» Exercise instructions
Whenever a picture appears in the listing below, leave it out, and copy exactly the lines from the one containing "Orange Skull , Ink" through the end.
Segment Start: The data
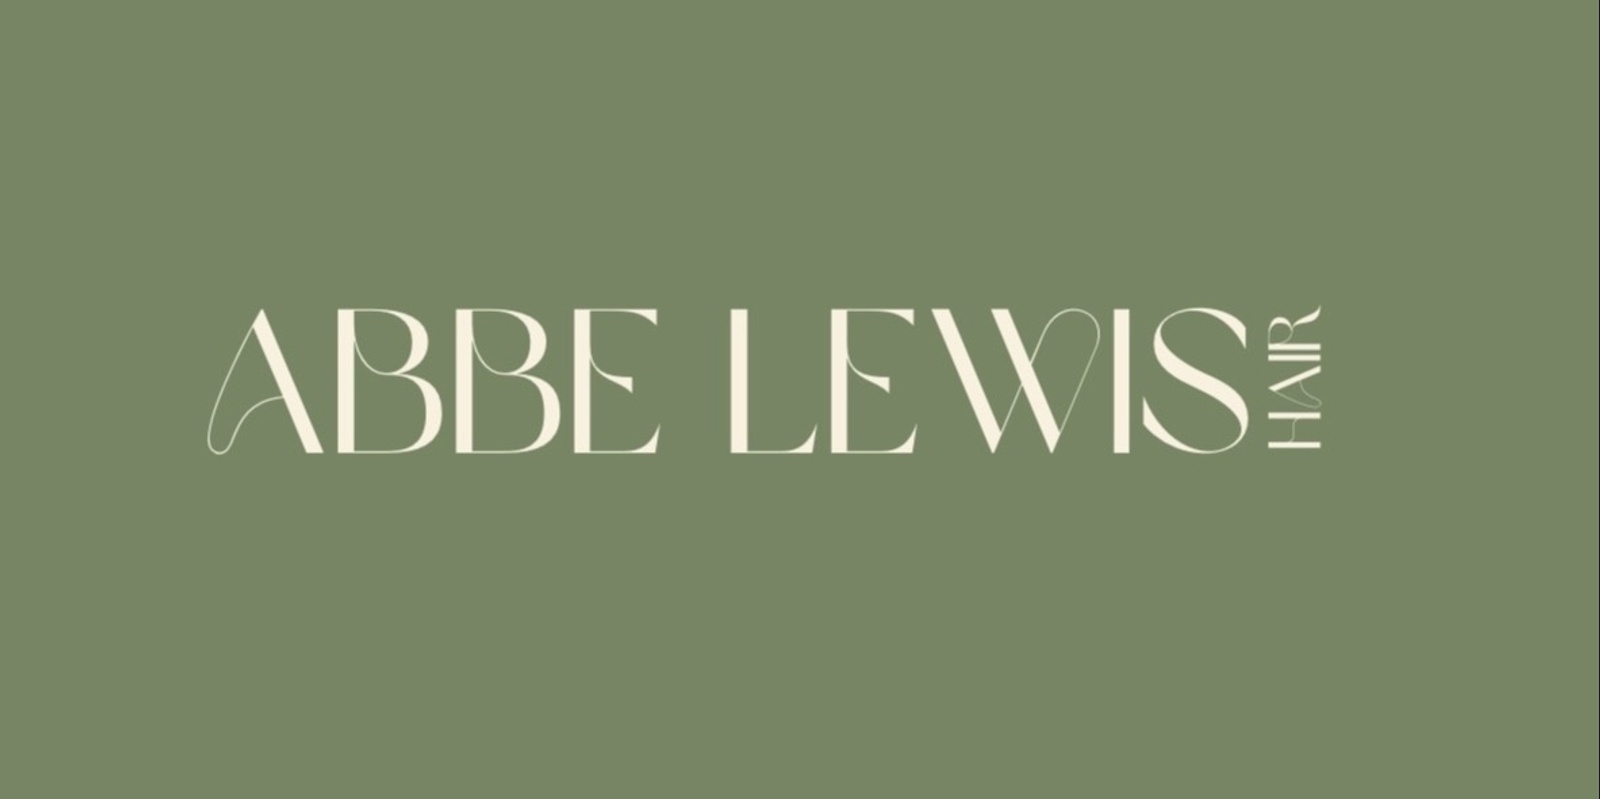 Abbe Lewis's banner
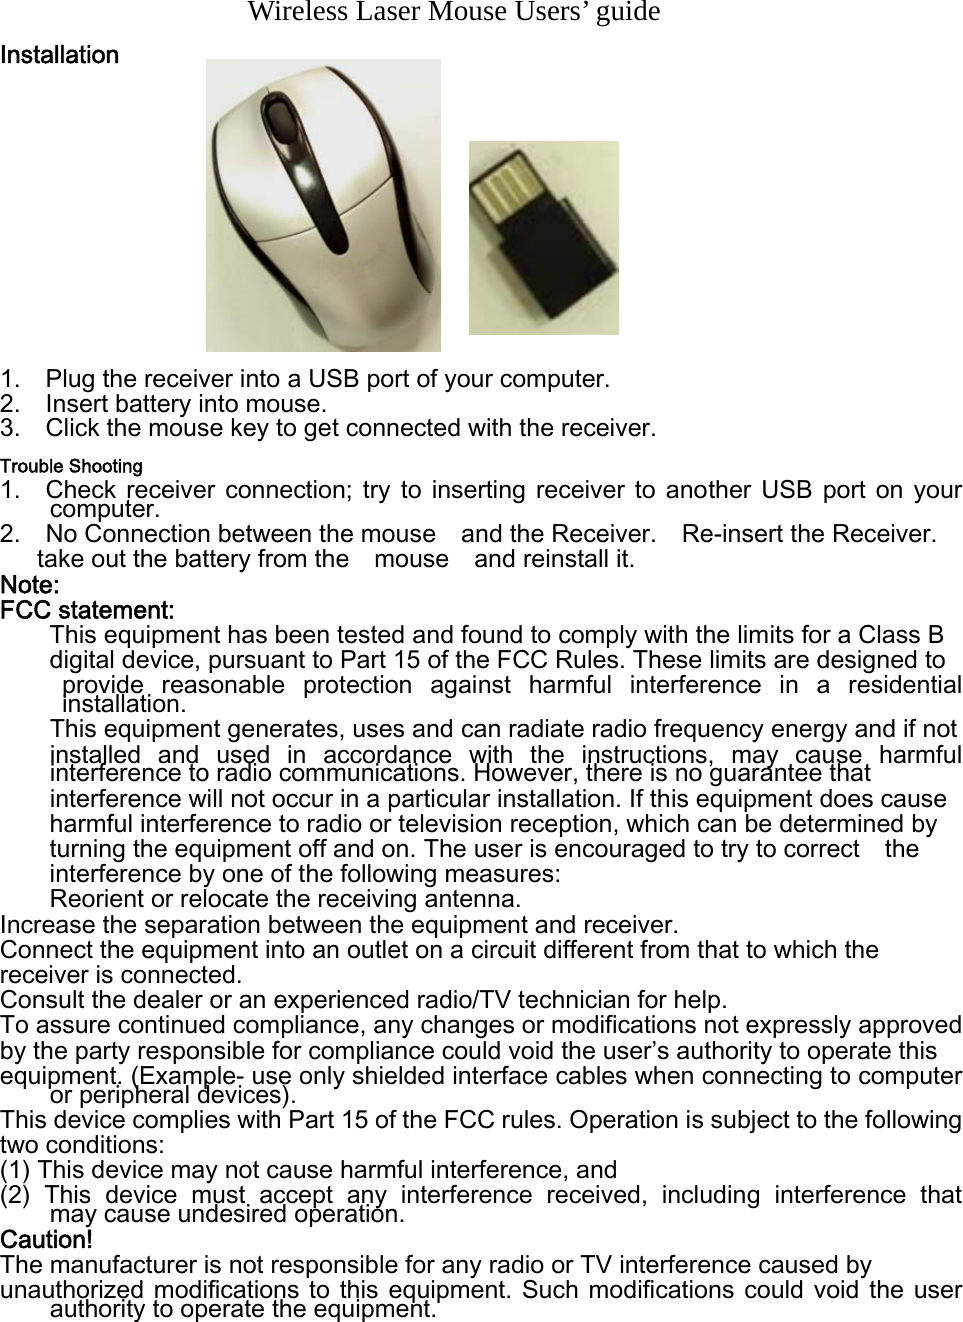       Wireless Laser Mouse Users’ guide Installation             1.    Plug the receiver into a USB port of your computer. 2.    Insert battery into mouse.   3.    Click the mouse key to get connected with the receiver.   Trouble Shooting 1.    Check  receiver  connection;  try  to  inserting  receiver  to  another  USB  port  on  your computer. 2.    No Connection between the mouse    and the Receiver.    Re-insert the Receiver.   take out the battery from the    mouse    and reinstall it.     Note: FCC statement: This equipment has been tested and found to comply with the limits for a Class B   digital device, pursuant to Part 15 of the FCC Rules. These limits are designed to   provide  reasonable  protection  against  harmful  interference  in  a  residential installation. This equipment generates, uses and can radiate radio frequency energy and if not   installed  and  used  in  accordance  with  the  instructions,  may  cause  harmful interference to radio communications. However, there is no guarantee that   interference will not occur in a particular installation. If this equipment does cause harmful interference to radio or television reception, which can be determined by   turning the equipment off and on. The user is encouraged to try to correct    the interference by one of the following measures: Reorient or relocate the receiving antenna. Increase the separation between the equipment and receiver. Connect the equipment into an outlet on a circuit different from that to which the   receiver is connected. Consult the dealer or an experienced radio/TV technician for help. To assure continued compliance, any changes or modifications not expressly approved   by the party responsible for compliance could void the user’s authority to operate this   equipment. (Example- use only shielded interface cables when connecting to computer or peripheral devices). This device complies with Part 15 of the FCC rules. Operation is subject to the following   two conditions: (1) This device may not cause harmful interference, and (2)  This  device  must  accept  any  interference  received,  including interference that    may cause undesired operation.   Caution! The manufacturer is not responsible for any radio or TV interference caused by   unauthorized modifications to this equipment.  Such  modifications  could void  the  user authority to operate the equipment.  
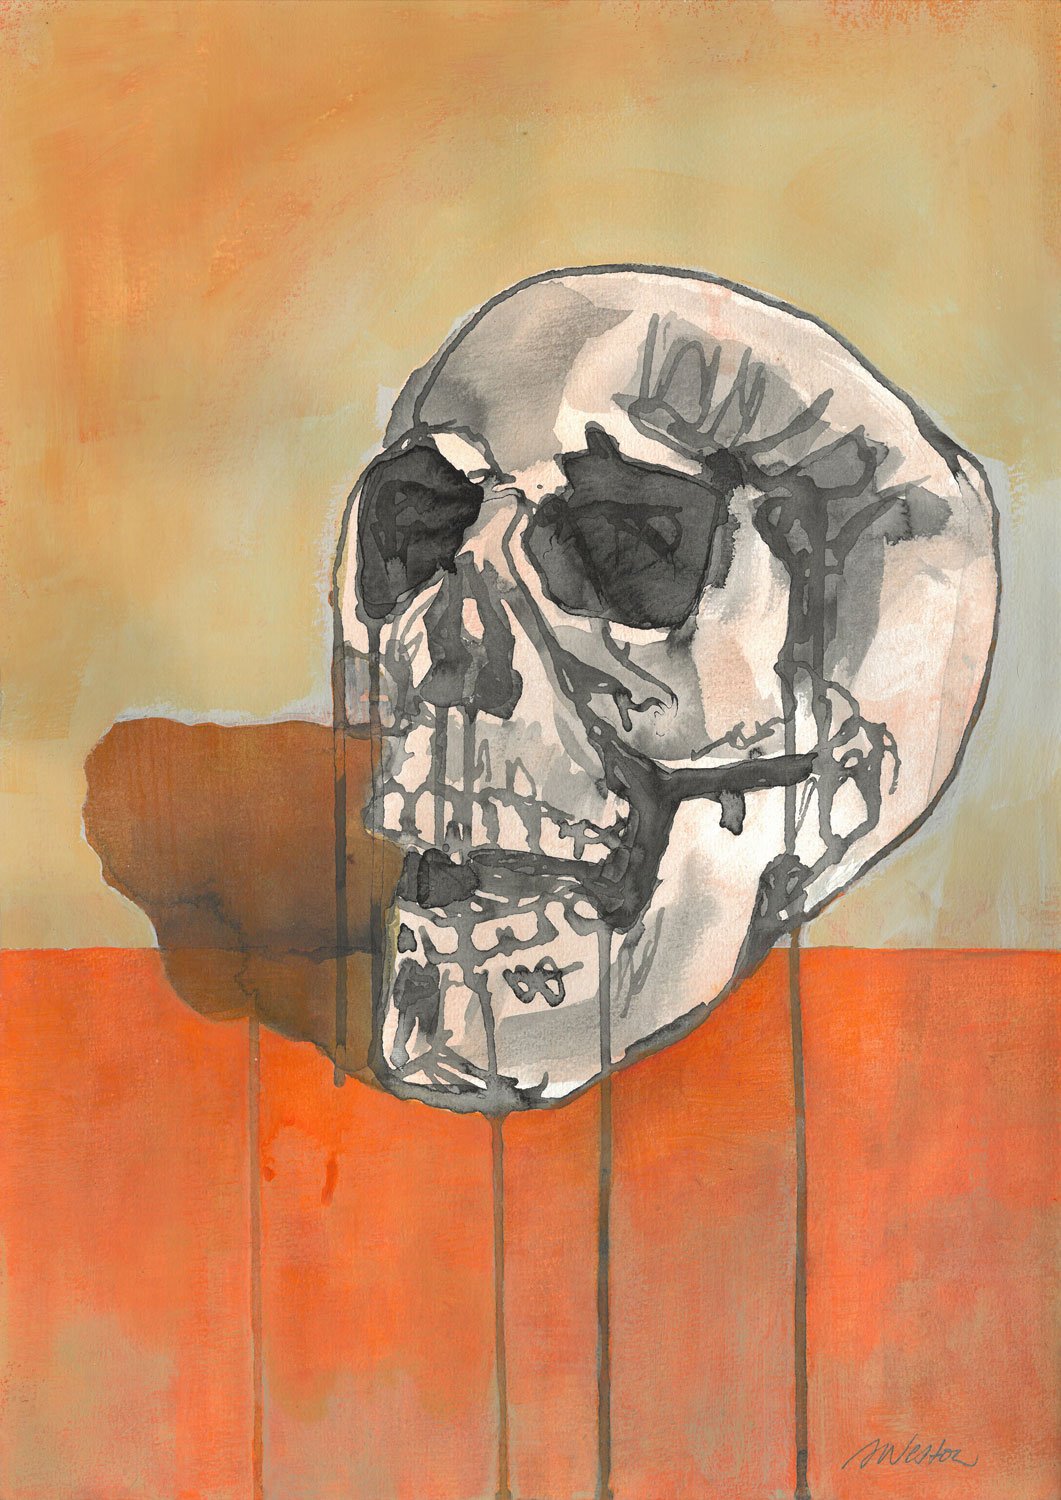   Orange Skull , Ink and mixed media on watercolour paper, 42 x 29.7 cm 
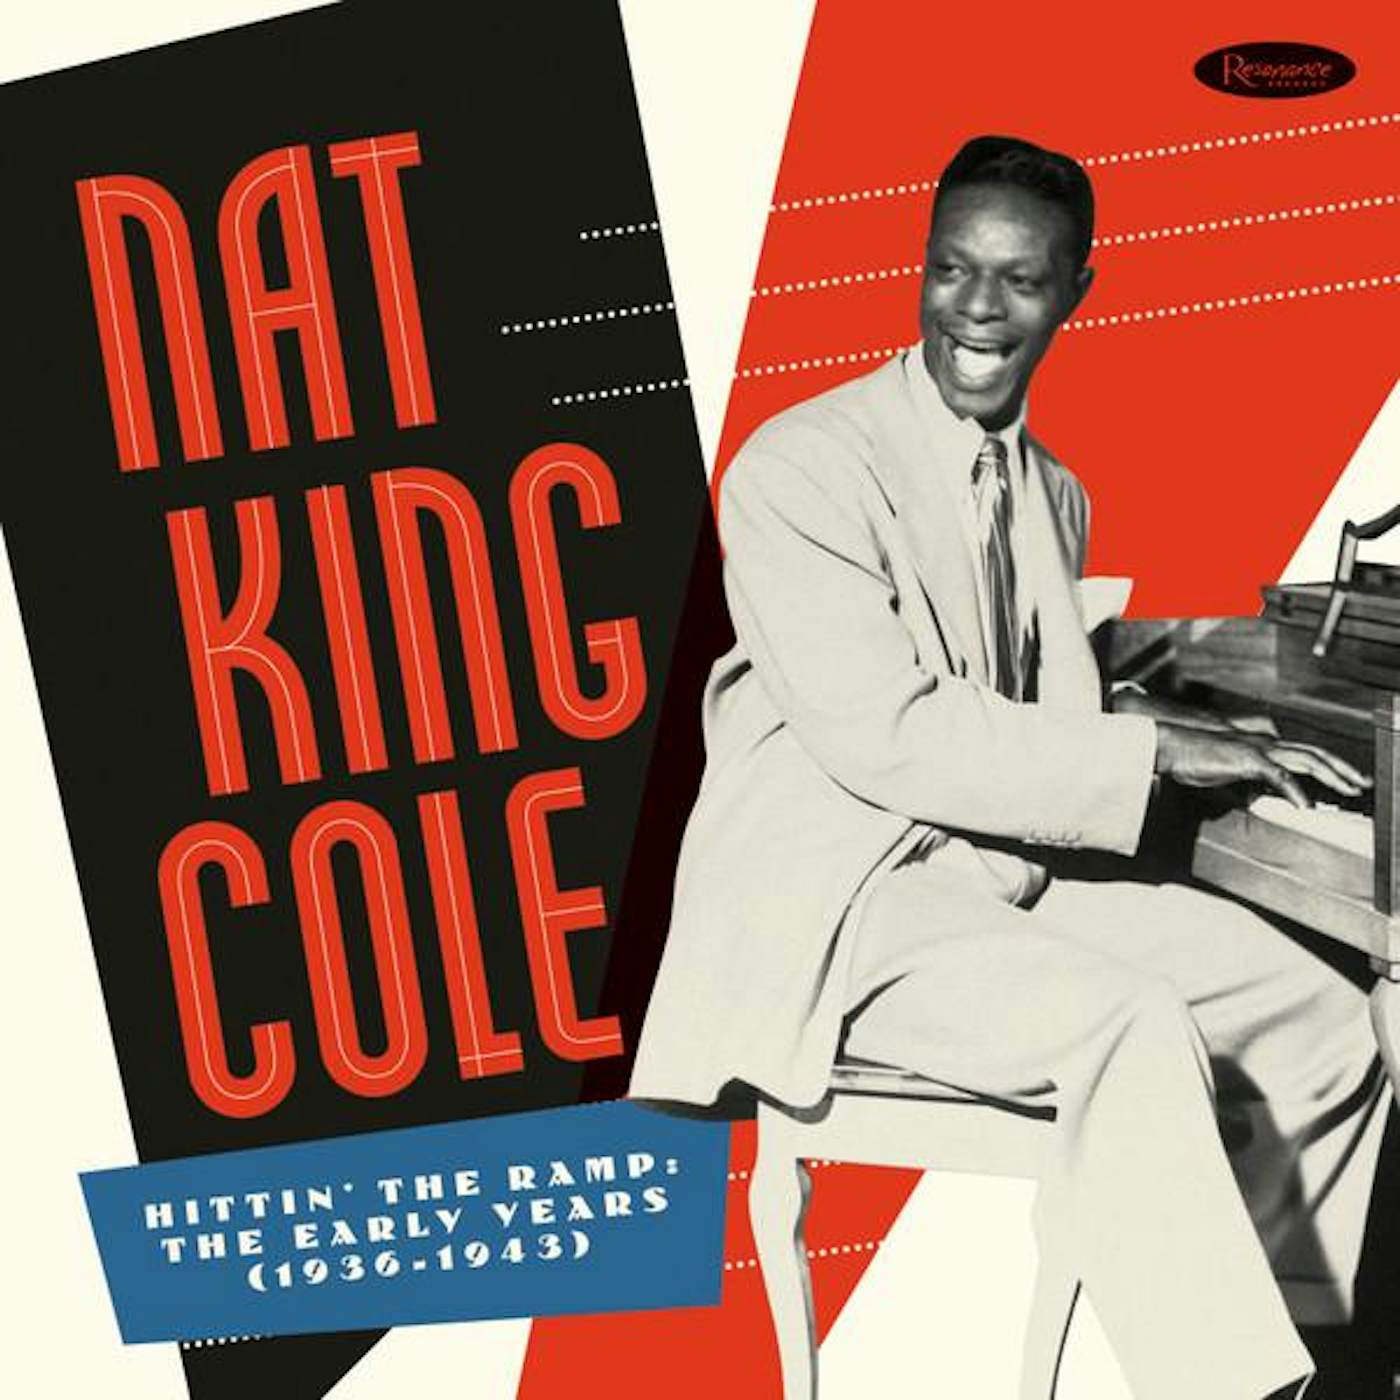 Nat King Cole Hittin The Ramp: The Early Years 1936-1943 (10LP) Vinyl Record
Segment End: The data
» Task response
   Orange Skull , Ink and mixed media on watercolour paper, 42 x 29.7 cm 
 Nat King Cole Hittin The Ramp: The Early Years 1936-1943 (10LP) Vinyl Record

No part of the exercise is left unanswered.